A native of Kingsport, Tennessee, Melanie K. Hutsell grew up listening to family stories of ghosts and tales of recalcitrant women. A life-transforming discovery from her childhood–that the lyrics to Peter, Paul, and Mary’s song, “The Three Ravens,”appear in a book of ballads—propelled her forever into the magic realm where literature, music, and folklore converge.
The first two chapters (in slightly altered form) of The Dead Shall Rise (then titled Everlasting), won first place in the Tennessee Writers Alliance Novel Competition in 2001, awarded at the Southern Festival of Books. Melanie’s short fiction has appeared in Appalachian Heritage, Still: The Journal (www.stilljournal.net), Trajectory, and the Knoxville Writers’ Guild anthology, Outscape: Writings on Fences and Frontiers. Her short story, “Celestial Images,” was a Judge’s Selection (as judged by Holly Goddard Jones) in the 2013 Literary Contests at Still. Melanie has also published poetry in The Sow’s Ear and contributed to the Encyclopedia of Folklore and Literature, edited by Brown and Rosenberg.
Melanie holds a BA in English from the University of North Carolina at Chapel Hill and an MA in English from Indiana University at Bloomington. An avid reader and music lover, she currently lives in Maryville, Tennessee, in the foothills of the Smoky Mountains.

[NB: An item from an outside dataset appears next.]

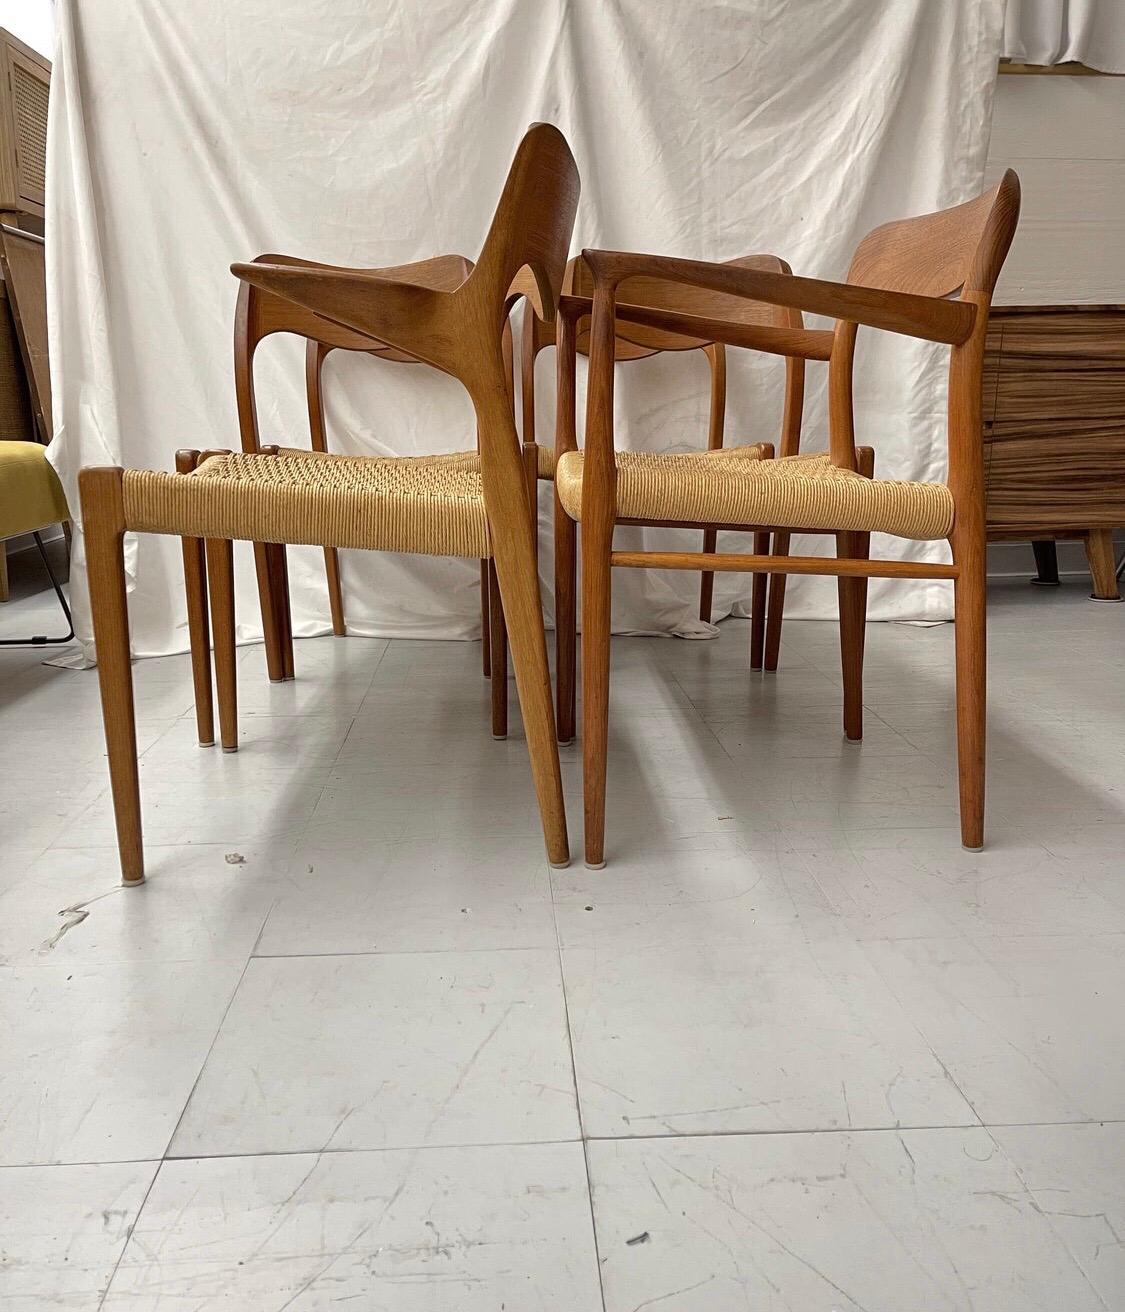 Mid-20th Century 1960s Danish Modern Jl Moller Chairs with Caning, Set of 6

Melanie K. Hutsell’s debut novel, The Dead Shall Rise, uses magical realism and the earthy authenticity of Appalachia to create its modern folktale world, both beautiful and baleful. It is set in the mountain village of Beulah Creek, whose ordinary inhabitants are unsettled by the arrival of a stranger seeking shelter from a mysterious past. The woman, who calls herself Malathy Joan, moves into the haunted Greenberry place. Though she attracts friends and admirers as she tries to heal the atmosphere of deceit and disaster in the abandoned house, the spirits of its dead cannot rest and tragedy once more threatens to change Beulah Creek forever.